- **Assignment**
Your job is to retype all of the data word for word, leaving every image out.

- **Information provided**
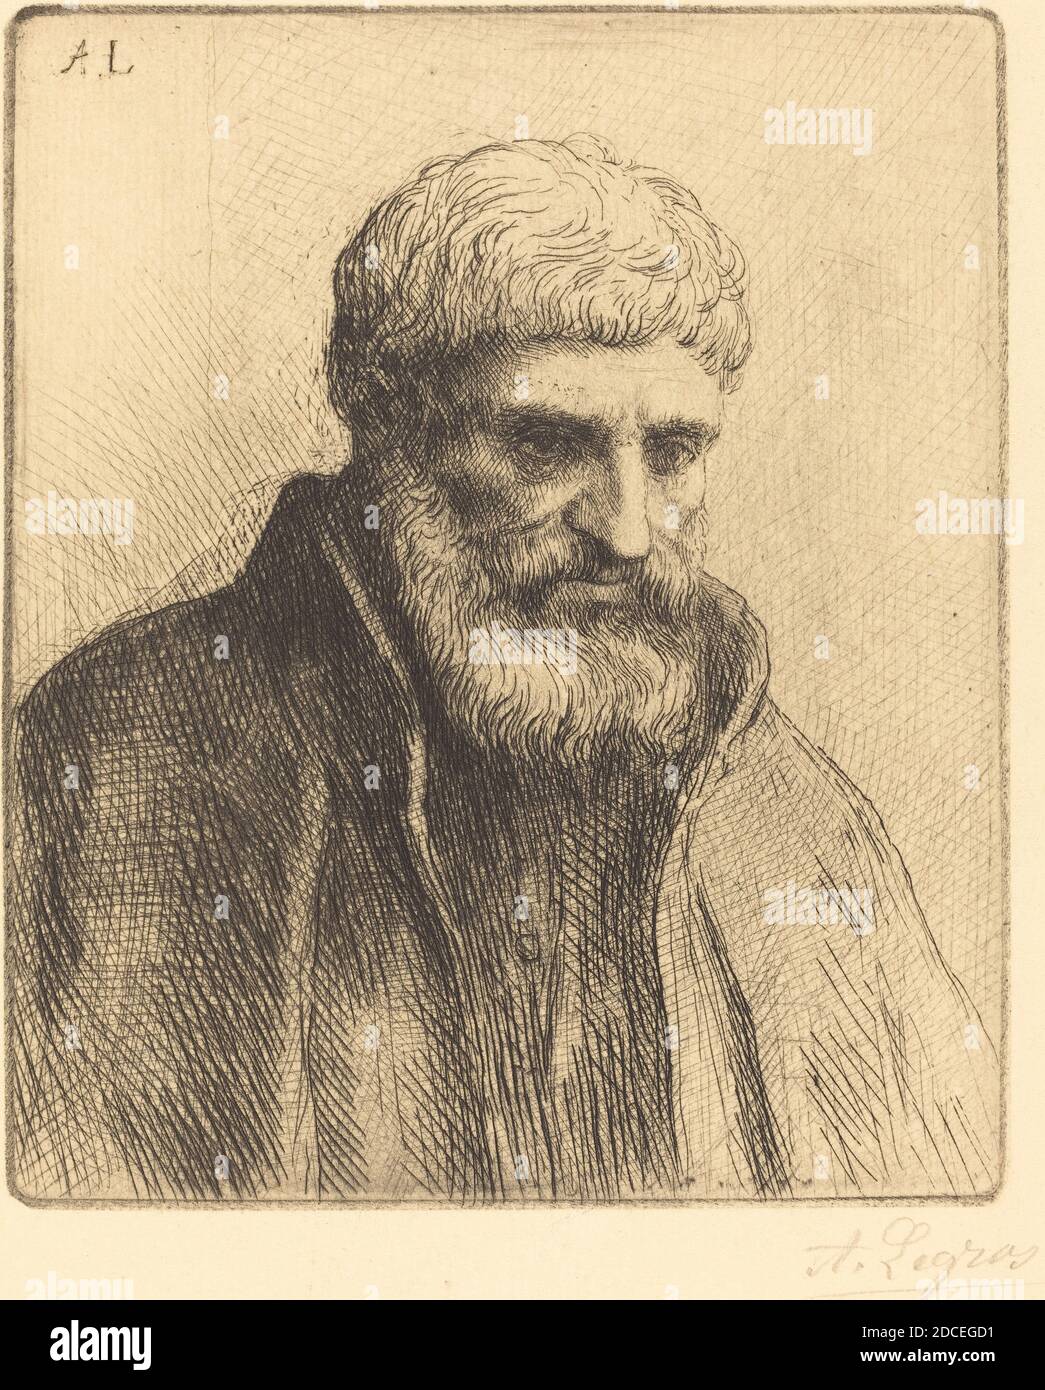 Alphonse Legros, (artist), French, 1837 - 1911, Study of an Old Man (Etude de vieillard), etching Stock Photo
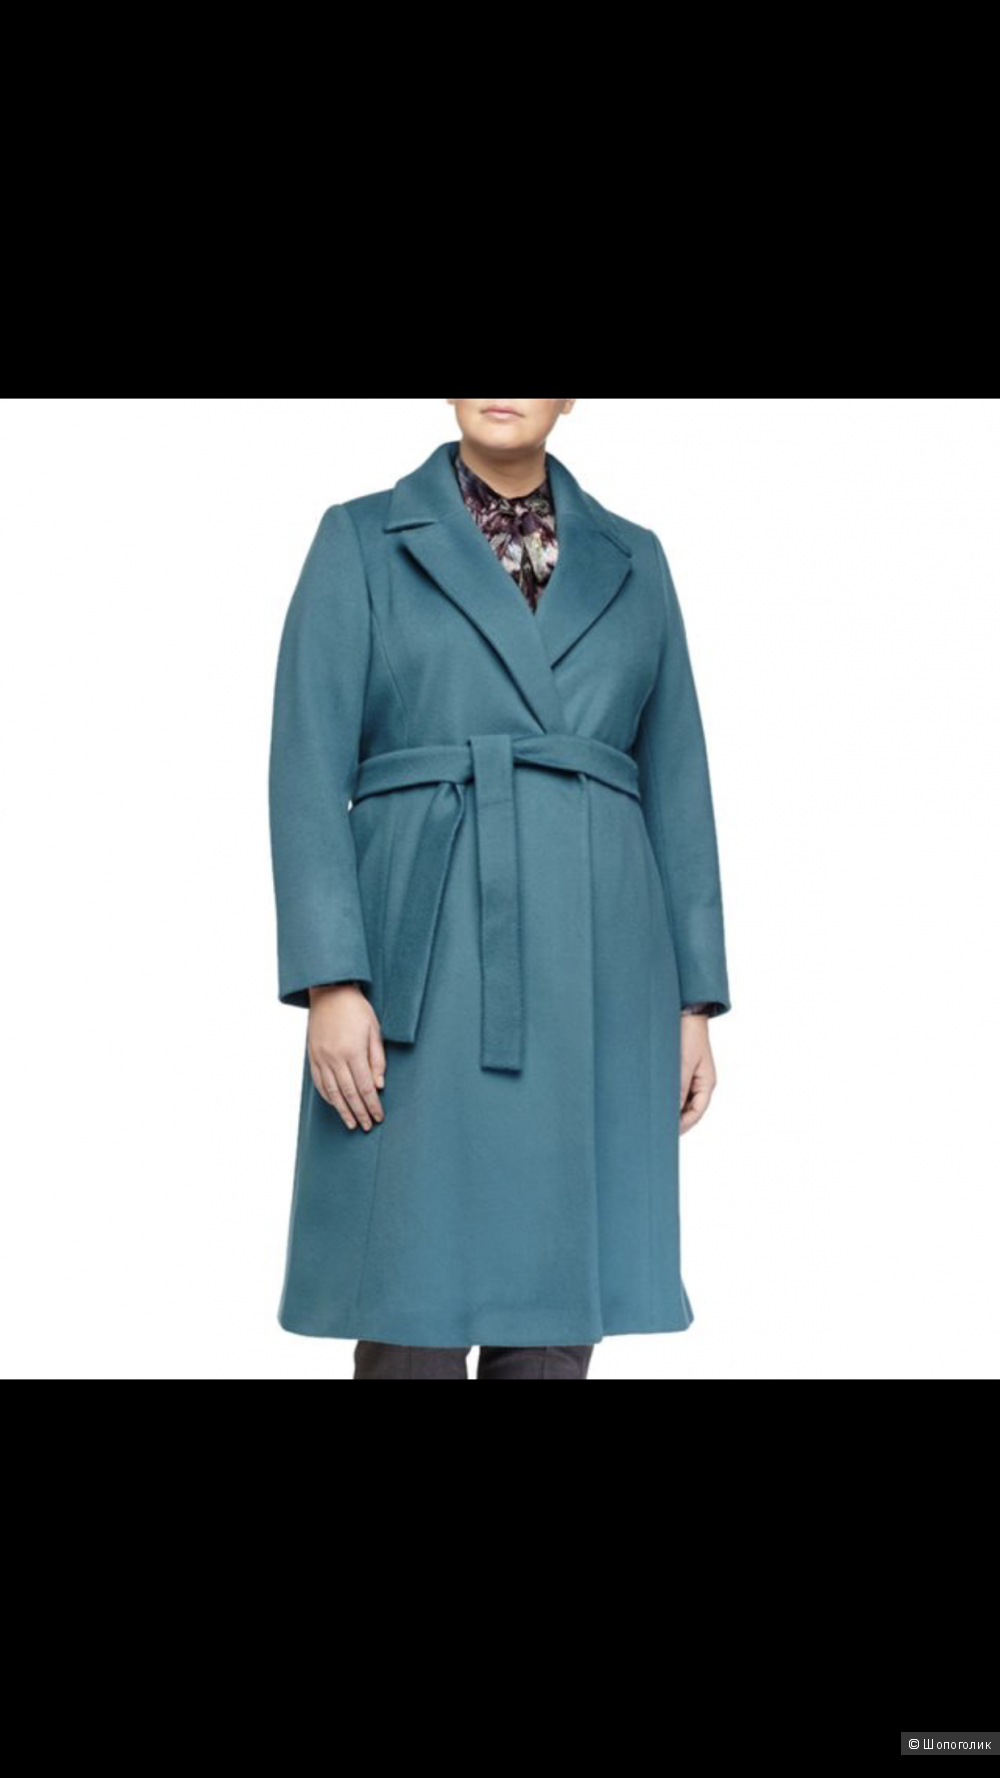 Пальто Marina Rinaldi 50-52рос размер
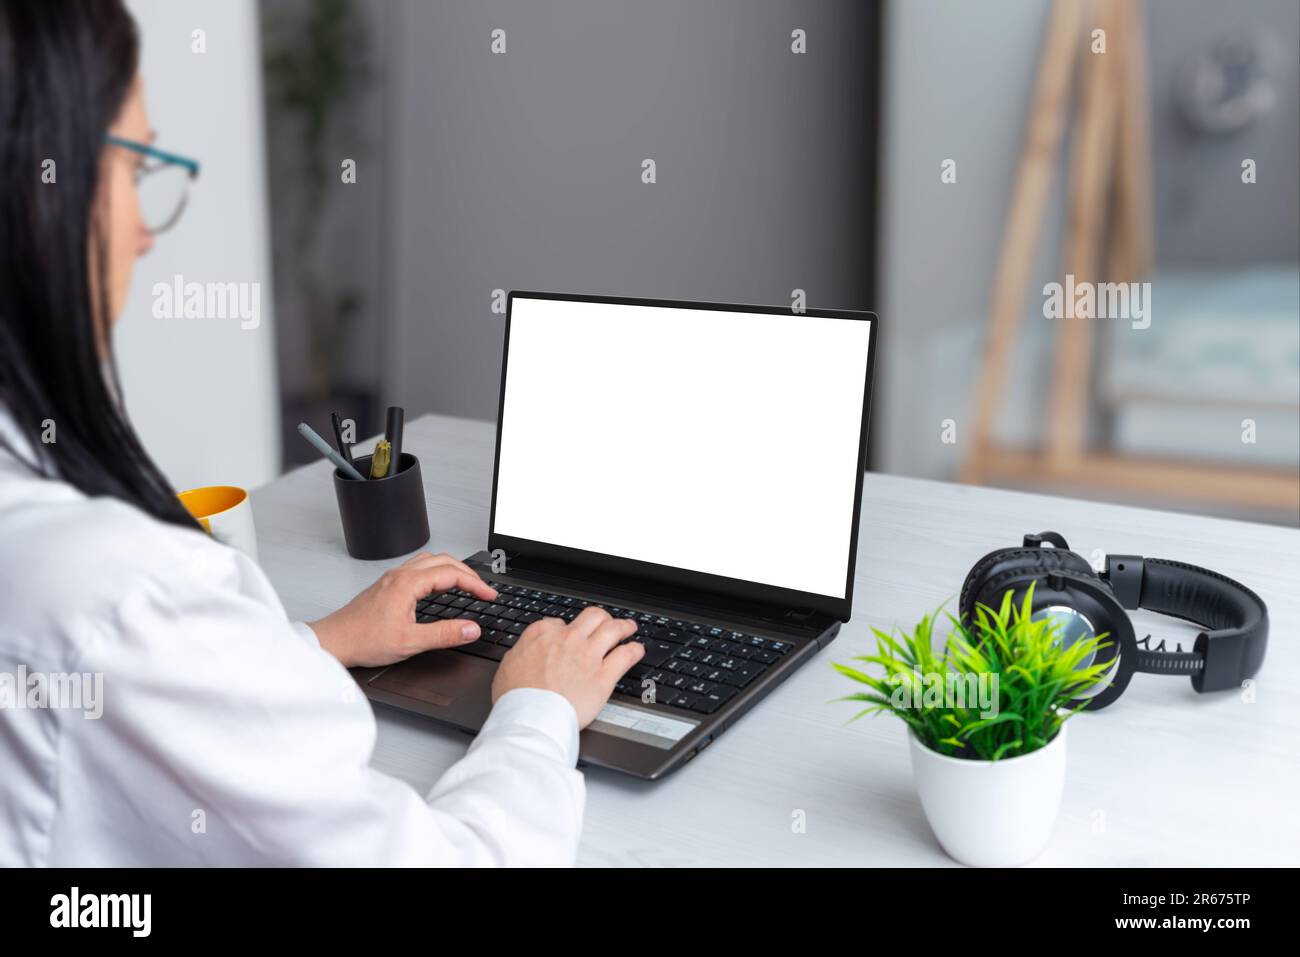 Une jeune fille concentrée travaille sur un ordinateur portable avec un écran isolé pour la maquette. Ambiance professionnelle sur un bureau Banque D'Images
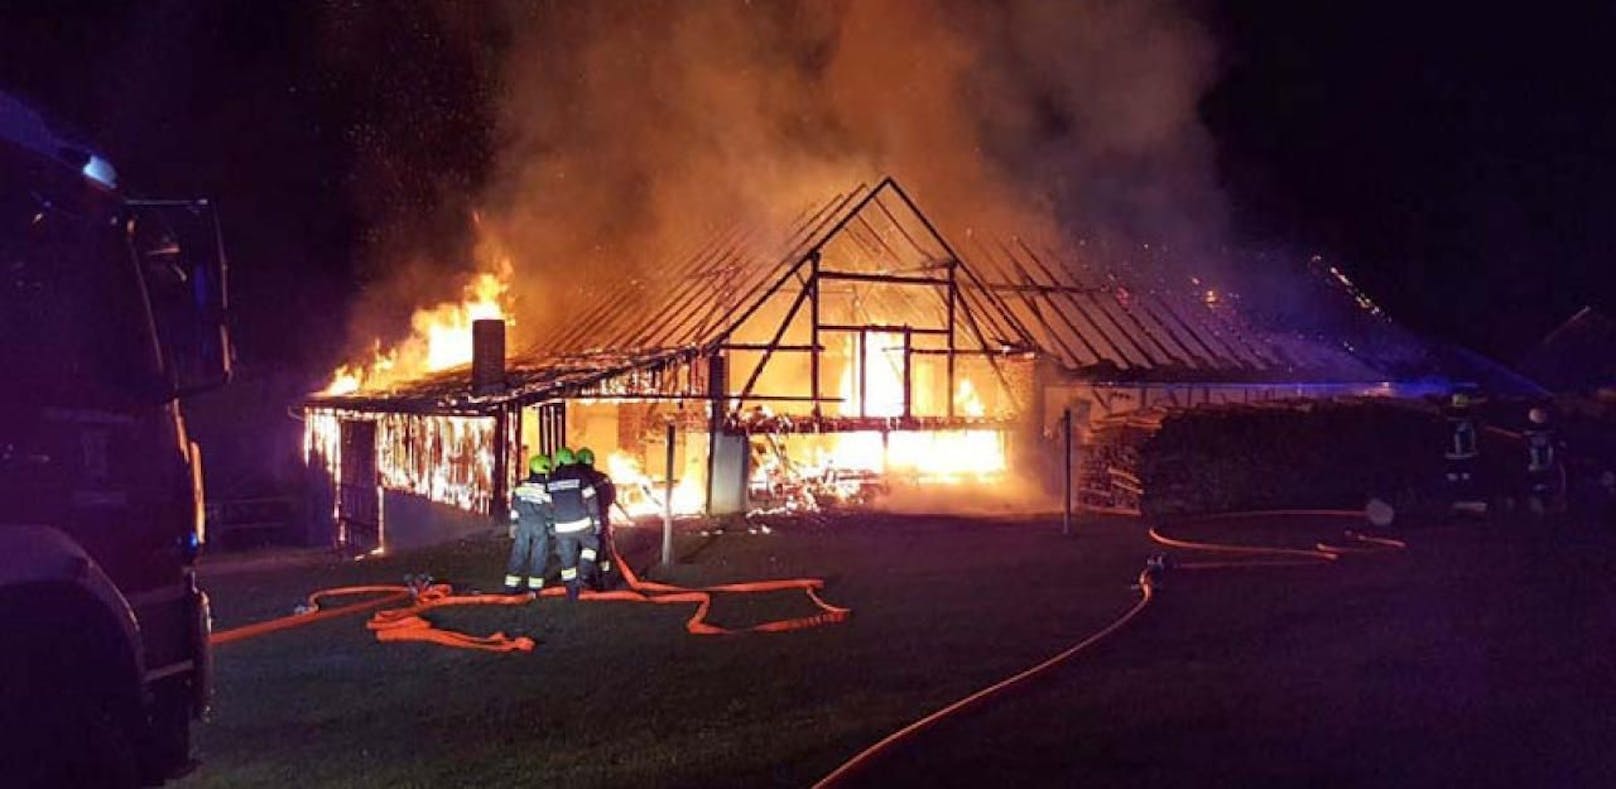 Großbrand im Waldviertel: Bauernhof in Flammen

- **Task result**
 Alphonse Legros, (artist), French, 1837 - 1911, Study of an Old Man (Etude de vieillard), etching Stock Photo
 Пальто Marina Rinaldi 50-52рос размер
 Une jeune fille concentrée travaille sur un ordinateur portable avec un écran isolé pour la maquette. Ambiance professionnelle sur un bureau Banque D'Images
 Großbrand im Waldviertel: Bauernhof in Flammen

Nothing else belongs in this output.